START Source data

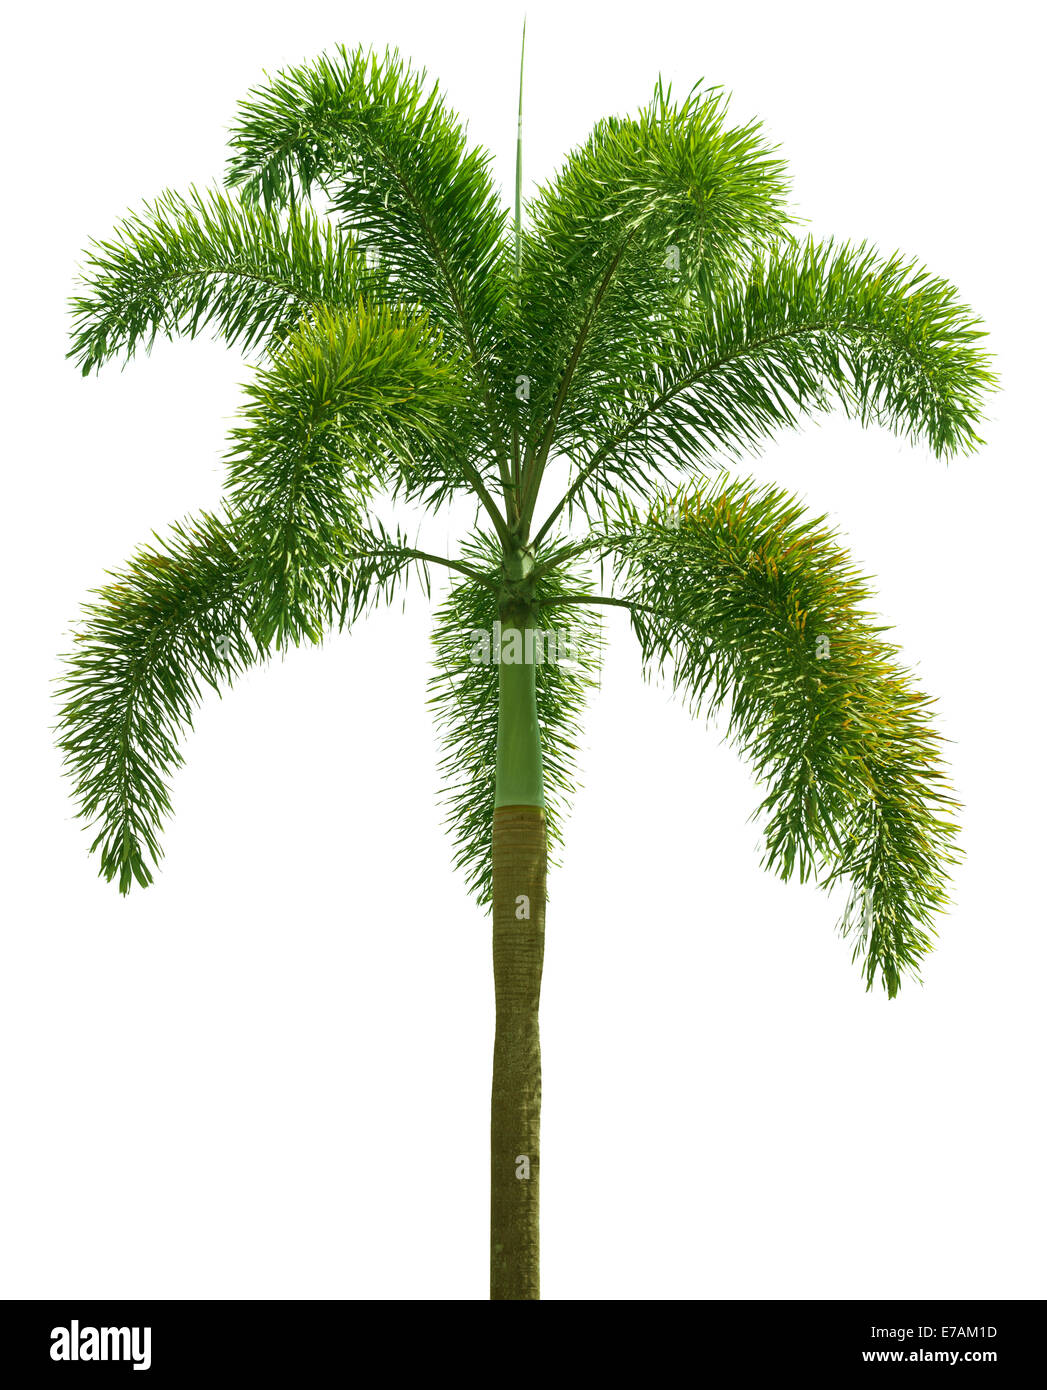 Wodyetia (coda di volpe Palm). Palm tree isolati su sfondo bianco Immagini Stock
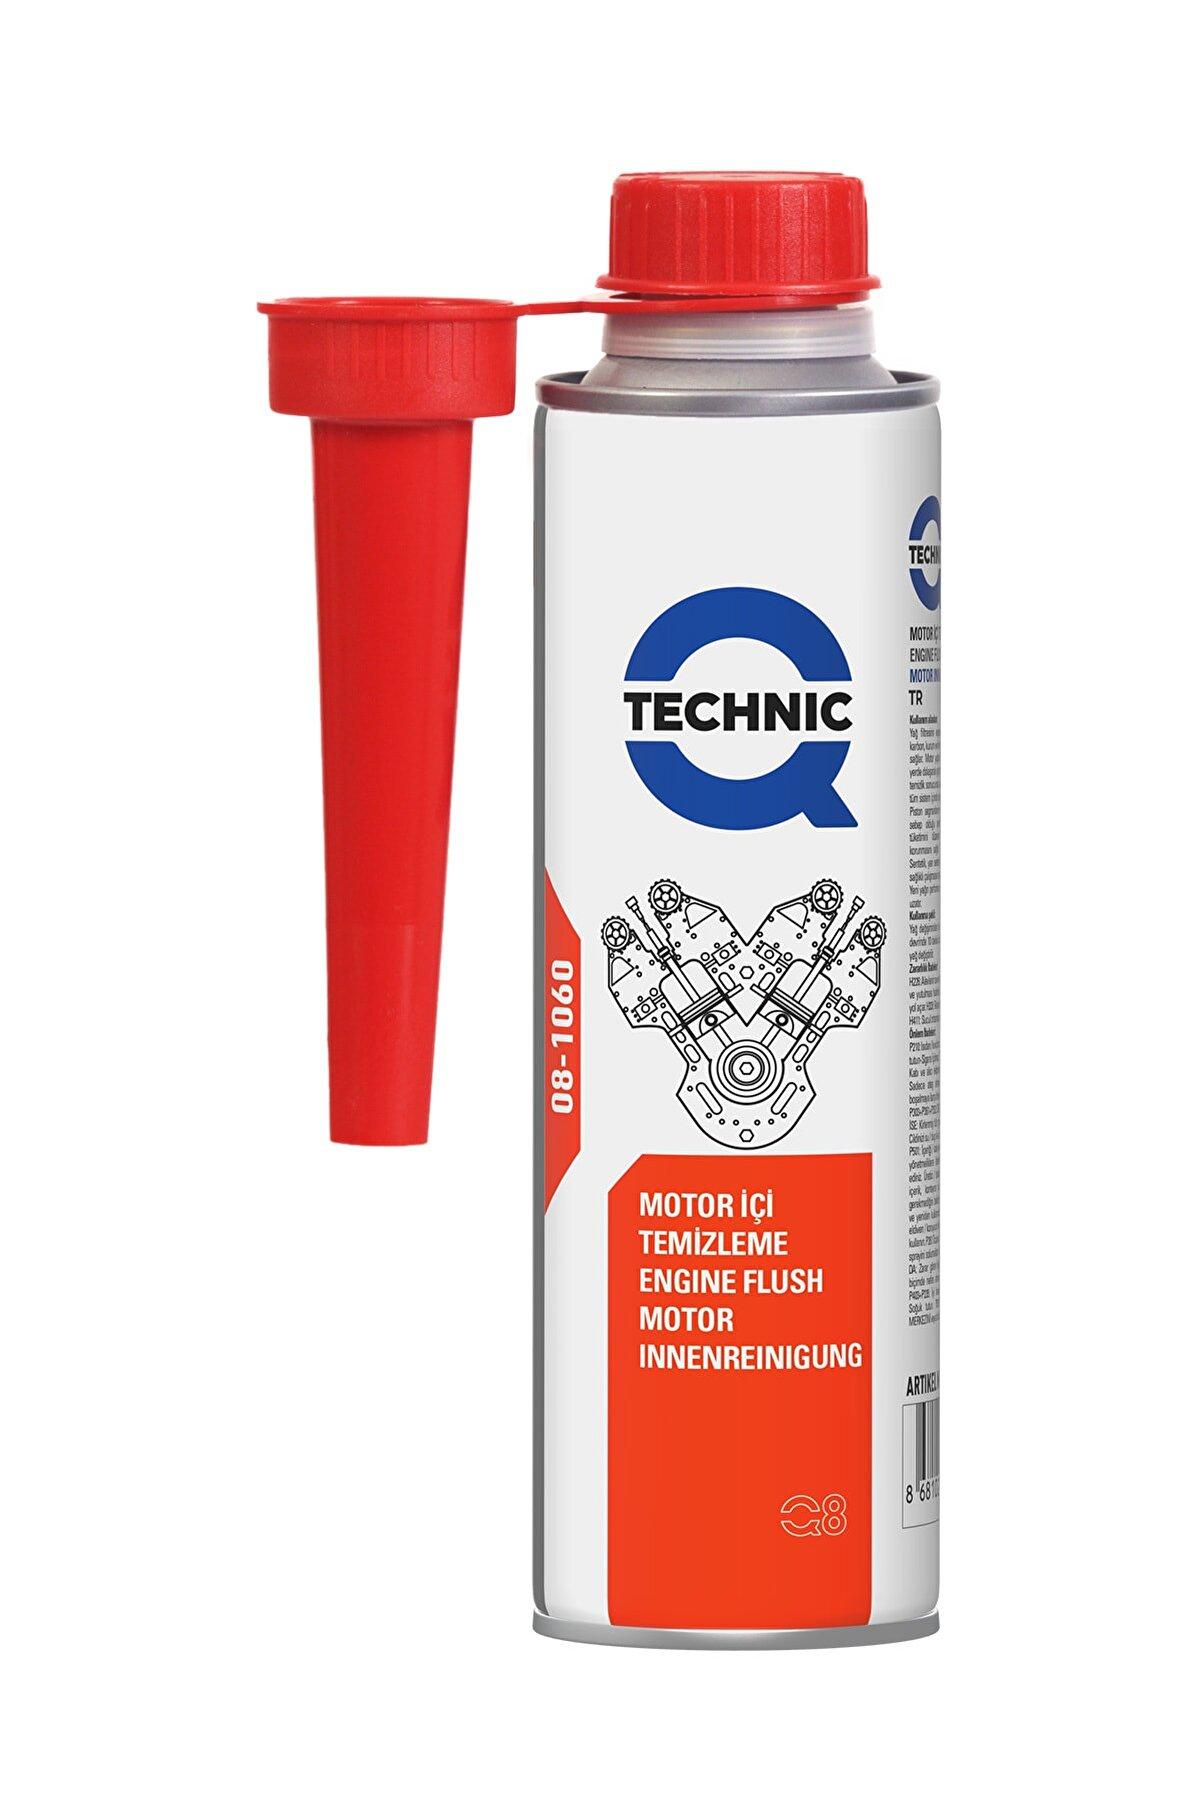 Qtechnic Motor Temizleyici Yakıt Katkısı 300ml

END Source data
START Source data

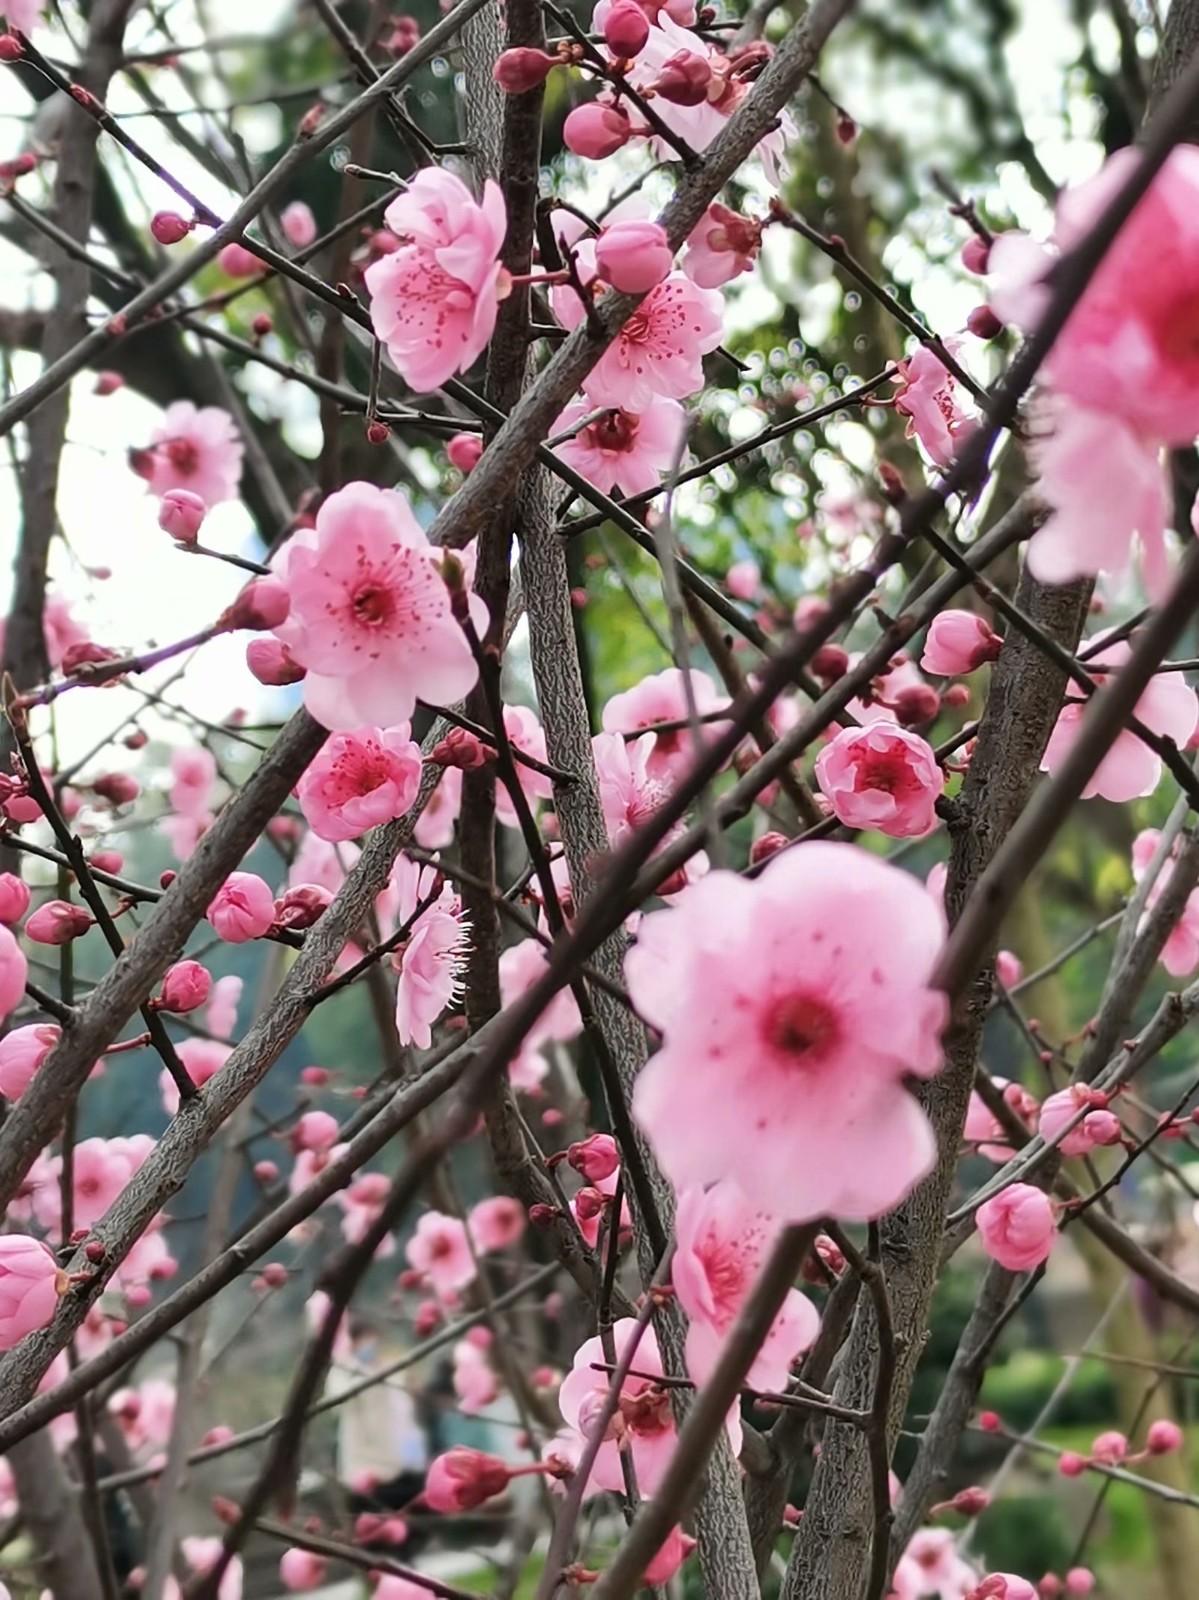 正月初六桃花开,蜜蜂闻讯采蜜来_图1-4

END Source data
START Source data

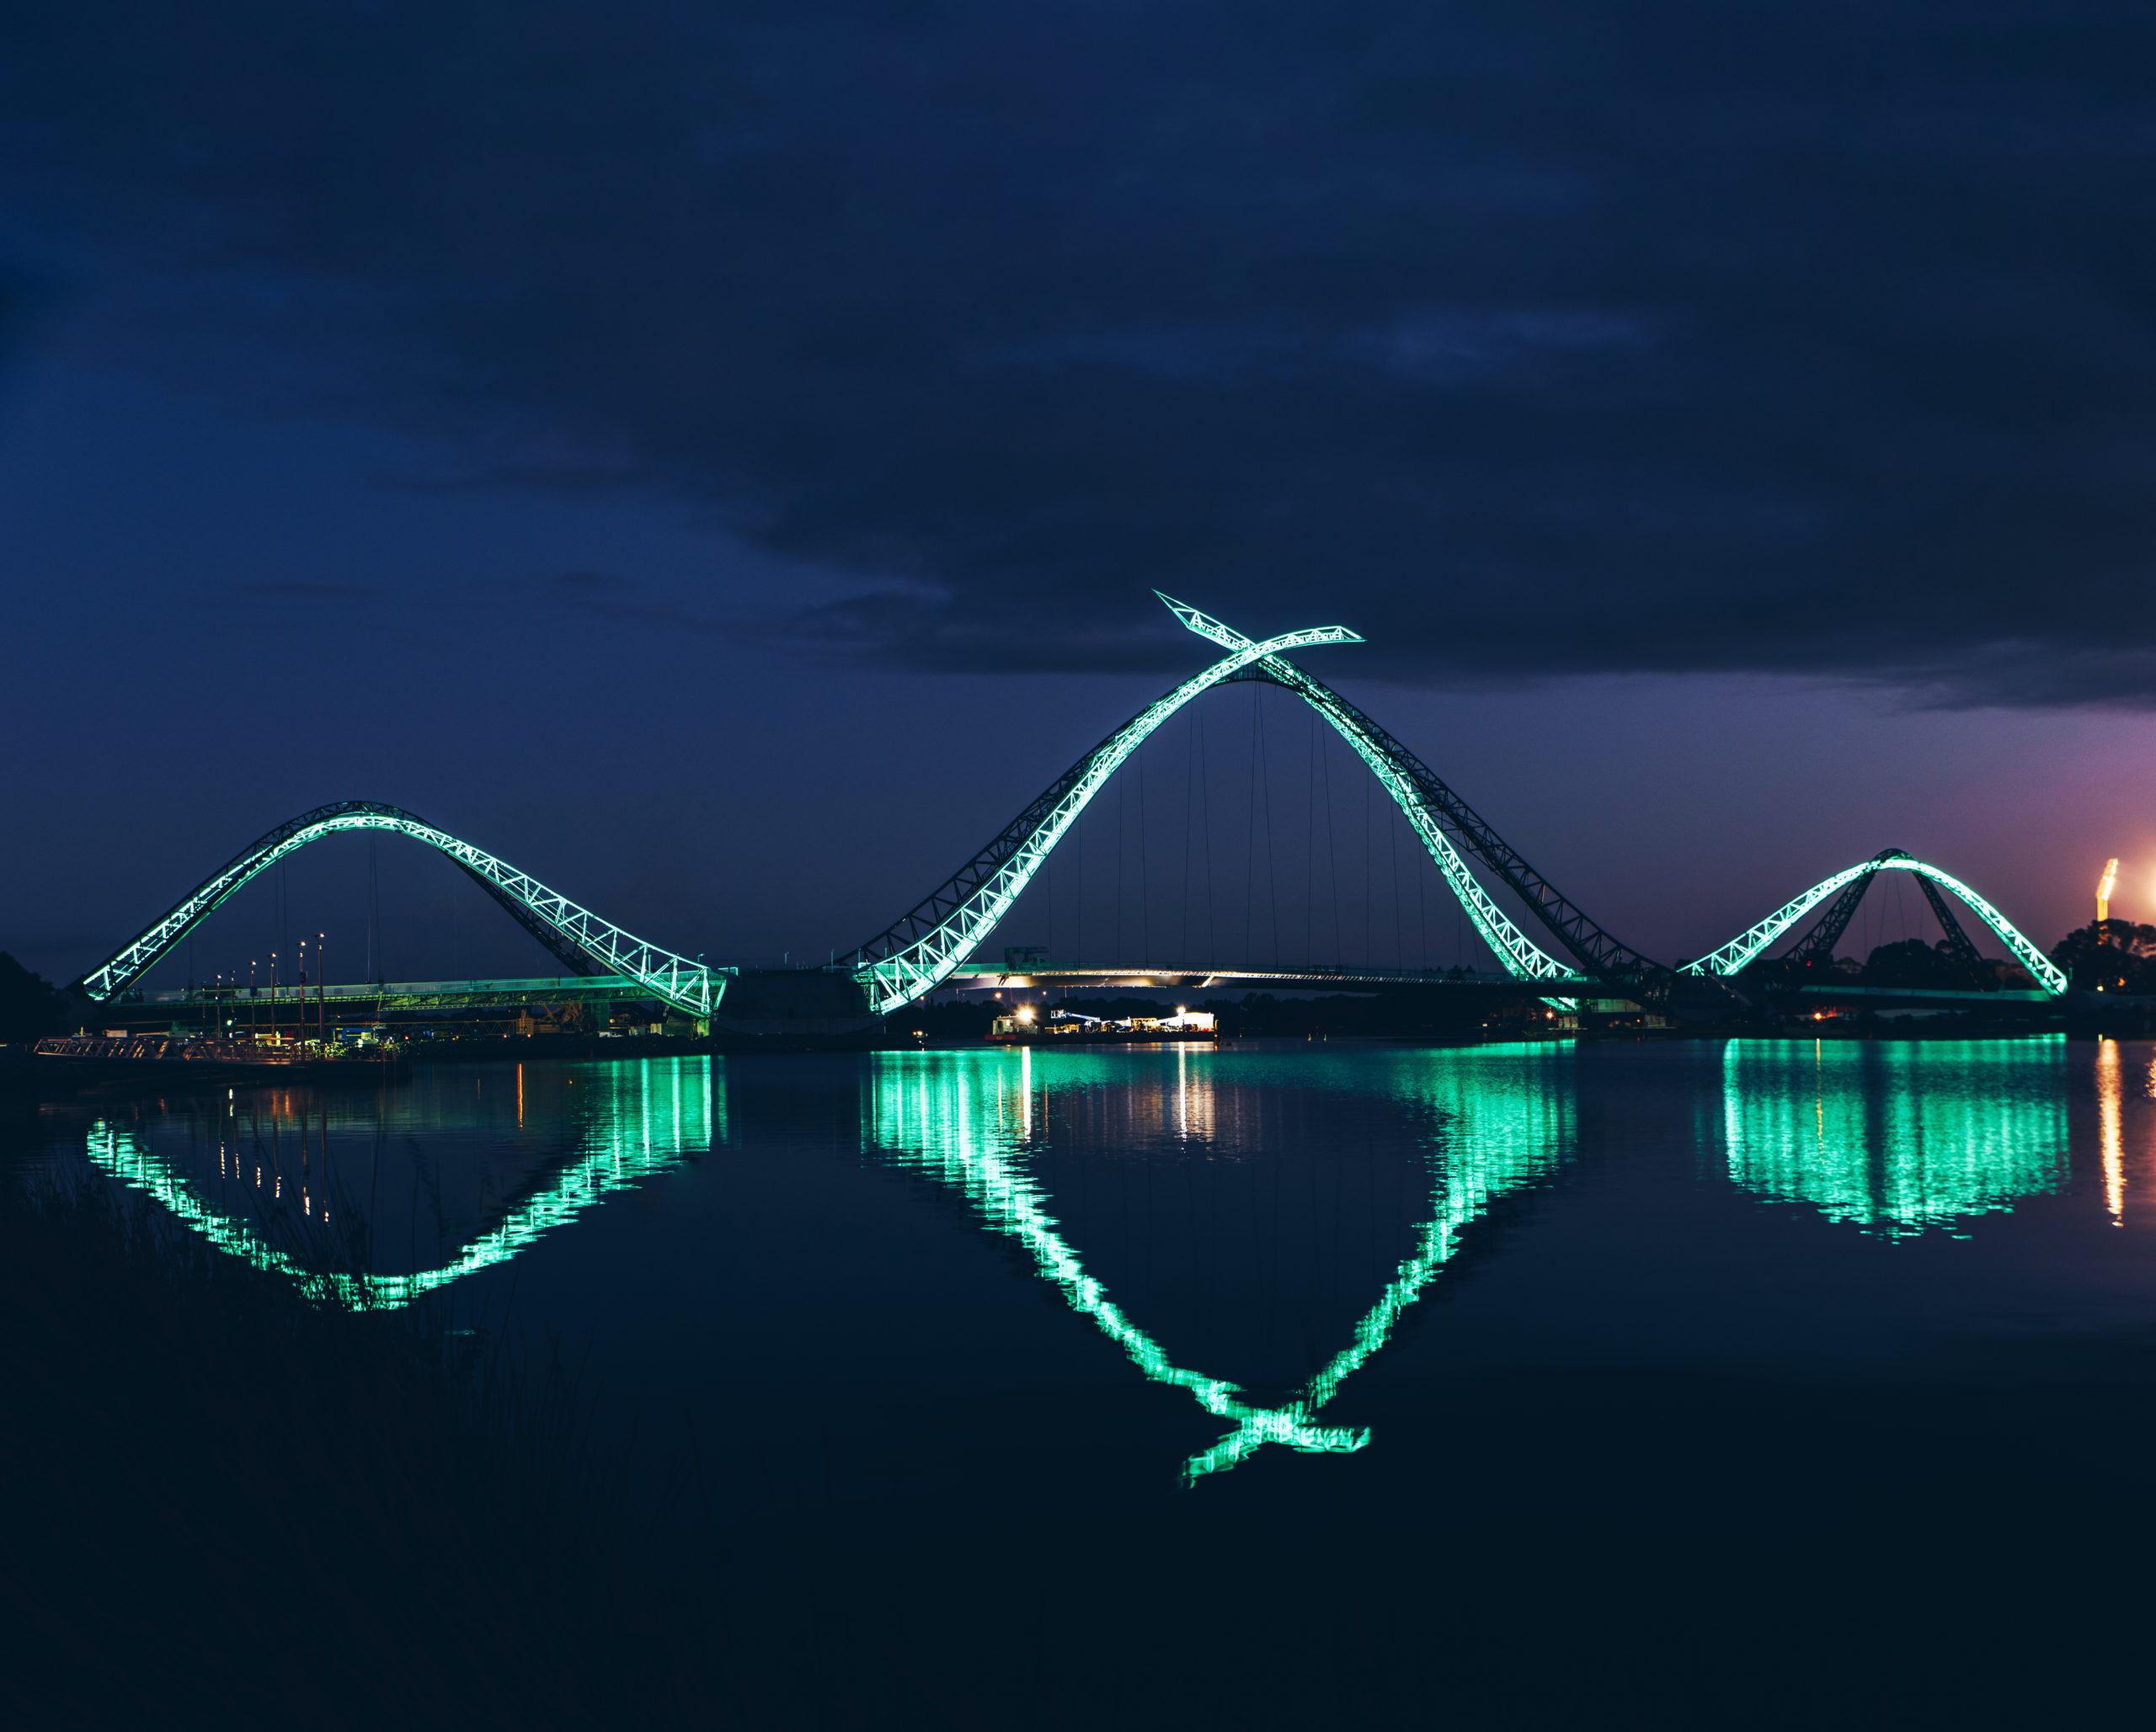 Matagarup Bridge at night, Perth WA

END Source data

Brief »
Starting at the line containing "Wodyetia (coda di" and finishing at the line containing "Qtechnic Motor Temizleyici", return those lines exactly as they appear above, without the pictures.

Answer to the exercise »
 Wodyetia (coda di volpe Palm). Palm tree isolati su sfondo bianco Immagini Stock
 Qtechnic Motor Temizleyici Yakıt Katkısı 300ml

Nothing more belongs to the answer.